Great, so let’s dig a little deeper into the story – has it been an easy path overall and if not, what were the challenges you’ve had to overcome?
I am a patient person and I am lucky to have been able to buy a restaurant that was already established with a customer base that already knew me well. With literally every single hurdle I was able to look to my staff or my customers for the answer. Our CPA was a referral through a customer, extra money for renovations through the Greater Ravenswood Chamber of Commerce ( they actually came in and made me stop spending any more money until I read up about the city’s SBIF program), our Quickbooks consultant is a customer and helps me keep my books straight, almost everyone on staff has their taxes done next door with the guy who runs the currency exchange( he does taxes on the side for $50 a pop), several of our food vendors are customers (one is someone who my wife nannied for), lots of our customer base is also self-employed, so we get to ask them all of the questions and last but not least our staff has been the biggest help in getting us where we are. I believe that no matter what you have to make sure everyone is given the opportunity to play to their strengths. We have a food historian on staff who does all of our preserving of foods and much of our taste-making, we’ve had photographers and videographers make videos and photo sessions for the shop in exchange for more and better equipment( the next time you need me to do a job they have better equipment than the last time), when we needed to get a variance to our business license for our pickling and preserving the City of Chicago demanded a HACCP plan and fined us for not having one… multiple times. They also had no clue nor guidance to offer on how to create a HACCP plan so I turned to one of our staff who runs a non-profit and better administrative experience than myself and she accepted the challenge. Around that time one of our other staff members had broken his hand and couldn’t work floor shifts any longer so they teamed up and at their usual hourly rate with the added incentive of a lump cash sum at completion they took on the city of Chicago’s ineptitude and got it done. There are folks out there in the city that do this task for restaurants exclusively and they charge through the nose for this. My staff got it done. As an old friend used to say ” Ain’t no hill for a high stepper!”

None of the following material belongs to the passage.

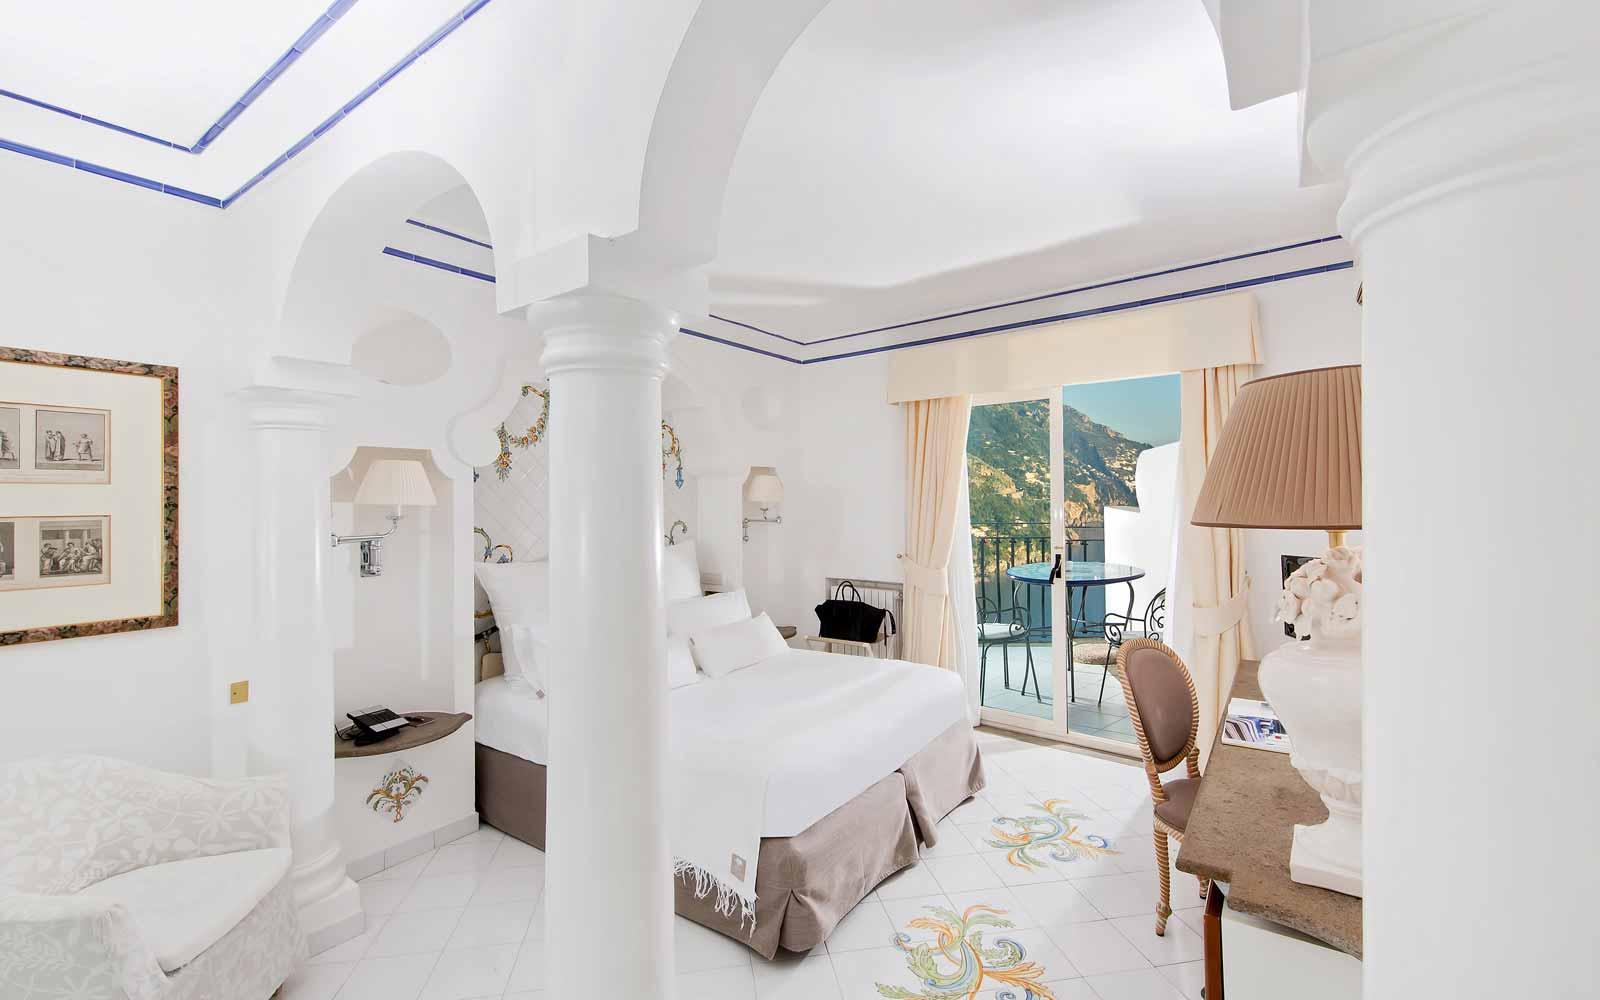 Room at Hotel Villa Franca

Spoken Cafe – what should we know? What do you guys do best? What sets you apart from the competition?
Cafe serving breakfast and lunch focusing on bagels, breakfast sandwiches, lunch sandwiches, soups, salads and coffee all at a level way above your average cafe. We specialize in real interactions with real humans trying every day to eliminate that overpowering sense of anonymity that is so pervasive in a city this big. We are friends with our customers and know them well. My wife and I are both from southern Louisiana and people ask all the time if we do Cajun food and yes we do sometimes, serve very traditional dishes from home but its more about making people feel like they’re at home than serving them the food from your home. We take pride in our food. We know that our customers look forward to coming in to eat with us as well as see us and say hi. They spend their very hard earned money to visit our shop and the least we can do is make it worth their while.
What moment in your career do you look back most fondly on?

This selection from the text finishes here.